### What you have to do
Please print each record exactly, omitting none of them.

### Data
------------

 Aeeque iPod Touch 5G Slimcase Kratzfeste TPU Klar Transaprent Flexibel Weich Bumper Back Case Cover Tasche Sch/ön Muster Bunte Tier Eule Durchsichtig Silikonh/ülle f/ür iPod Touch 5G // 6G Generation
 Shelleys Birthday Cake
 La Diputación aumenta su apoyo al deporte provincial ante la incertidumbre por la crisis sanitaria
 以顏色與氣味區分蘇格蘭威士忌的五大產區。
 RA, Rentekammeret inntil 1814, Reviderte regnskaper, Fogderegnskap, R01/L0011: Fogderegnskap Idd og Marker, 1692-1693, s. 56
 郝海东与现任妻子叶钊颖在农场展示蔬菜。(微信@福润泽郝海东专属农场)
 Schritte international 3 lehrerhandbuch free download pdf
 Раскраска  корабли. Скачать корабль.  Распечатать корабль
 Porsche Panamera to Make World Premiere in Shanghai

------------

### Response area
 Aeeque iPod Touch 5G Slimcase Kratzfeste TPU Klar Transaprent Flexibel Weich Bumper Back Case Cover Tasche Sch/ön Muster Bunte Tier Eule Durchsichtig Silikonh/ülle f/ür iPod Touch 5G // 6G Generation
 Shelleys Birthday Cake
 La Diputación aumenta su apoyo al deporte provincial ante la incertidumbre por la crisis sanitaria
 以顏色與氣味區分蘇格蘭威士忌的五大產區。
 RA, Rentekammeret inntil 1814, Reviderte regnskaper, Fogderegnskap, R01/L0011: Fogderegnskap Idd og Marker, 1692-1693, s. 56
 郝海东与现任妻子叶钊颖在农场展示蔬菜。(微信@福润泽郝海东专属农场)
 Schritte international 3 lehrerhandbuch free download pdf
 Раскраска  корабли. Скачать корабль.  Распечатать корабль
 Porsche Panamera to Make World Premiere in Shanghai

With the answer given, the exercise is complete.